I kept low underneath another window, keeping my footsteps as light as possible. I often heard wilds prowling around at night, but that might have been because I knew they were there in the first place. I didn't think the man who'd shot Baba knew I was here. Yet.

But I would have to sprint out into the open, between our cabin and the Crawfords', because if Baba were alive, I couldn't just leave him there. I had to tell Jade that Baba was hurt before I took Hellbreath.

My fingers sought the corner of the cabin, and I stood there for a second to gather up all my courage and hold it to my thrumming heart. It was about twenty steps from the back corner of our cabin to the back corner of theirs, at least it had been when I'd counted as a girl. Jade's bedroom window would be along the back wall. If I knocked, she would answer.

"Goddamn it," the man shouted from the front of the house. "You."

Not me. He couldn't see me. I was sure of it.

Now. I had to go now.

I ran out into the open, counting each step, with no cover to block the wind and blowing snow. It battered against me, throwing me off course and blinding me even more than I already literally was. It smothered my sharp hearing so it felt like I existed in a void.

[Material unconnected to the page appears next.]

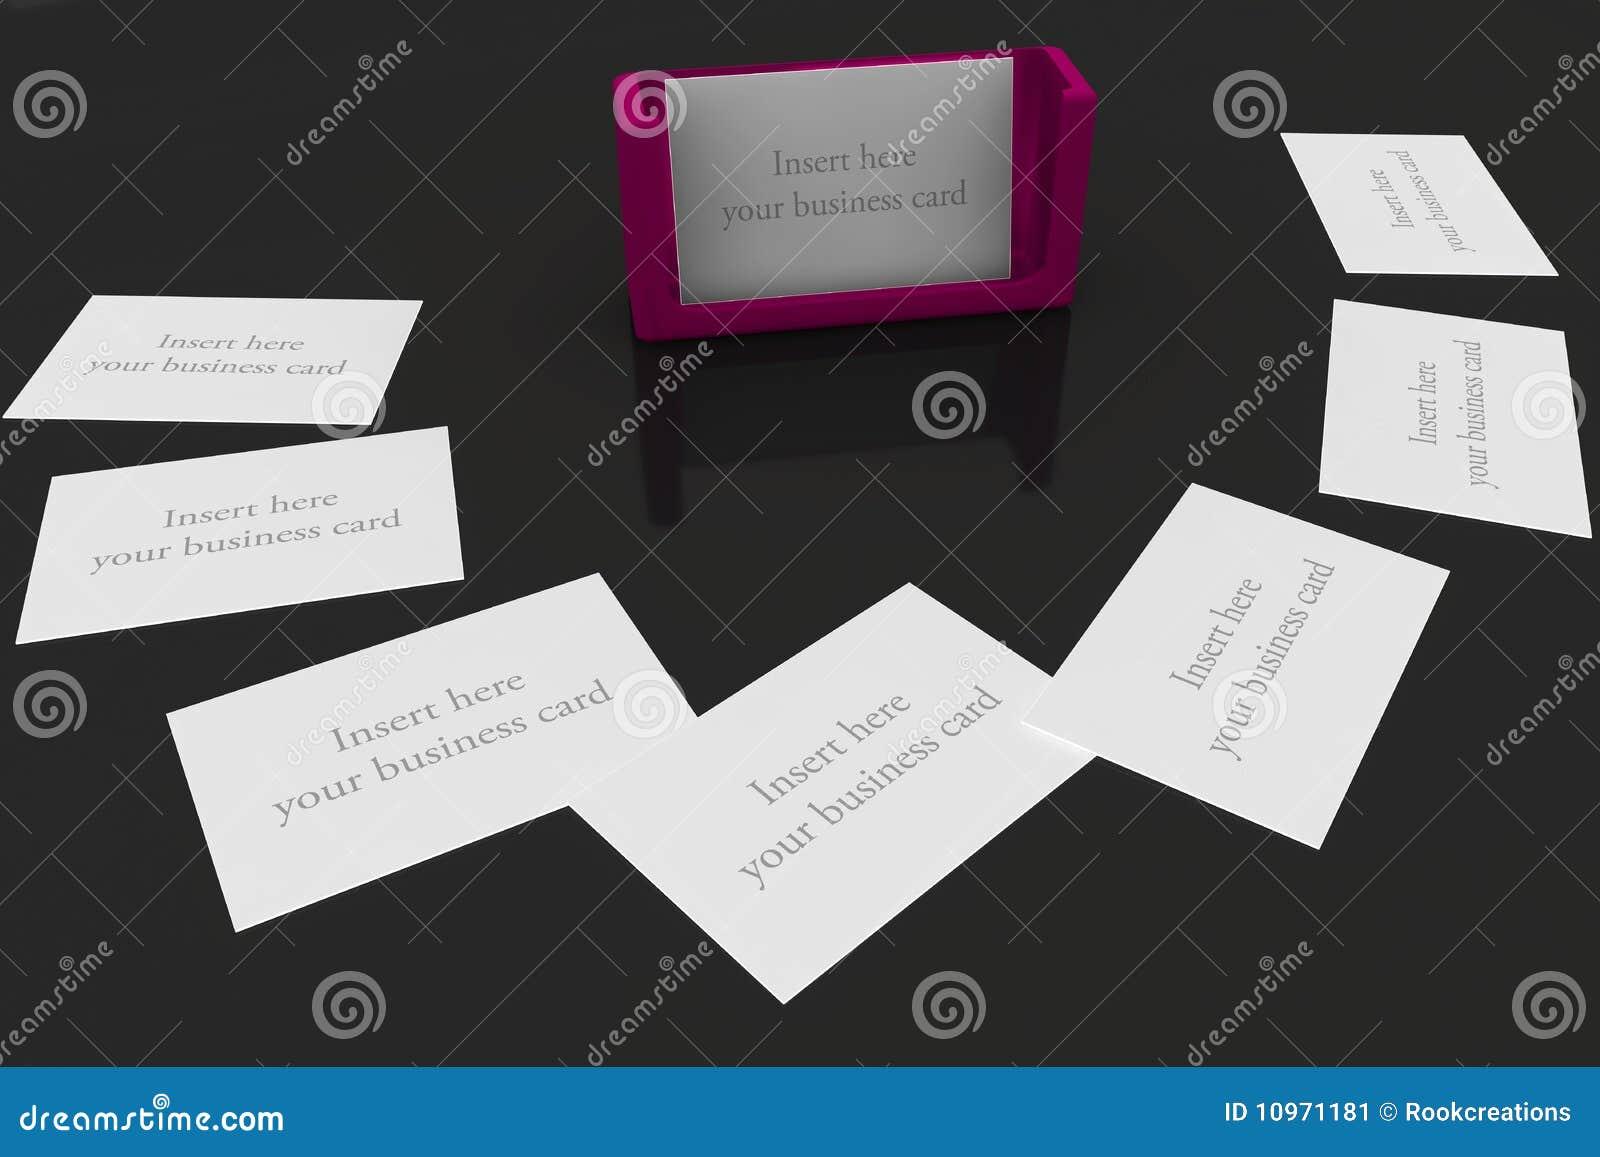 Purple Business Card Holder Stock Illustration - Illustration of ...

If I lost my way, I wouldn't dare shout because then I'd be giving away my location. If I lost my way, I might not make the delivery in time. The package had to be delivered the first of the month. Always. If I lost my way, I might just freeze to death since there was nothing around for miles. Even Margin, the nearest town, was twenty miles out.

Six, seven, eight… I sure hoped I was stepping in the right direction.

A cry pierced the wind. A horse's cry. What was that man doing to my girl, Hellbreath? Searching her for the package? Fury stormed through my veins, forceful enough to stall my steps and almost spin me around to go rescue her. But if he made her cry out like that, what would he do to me?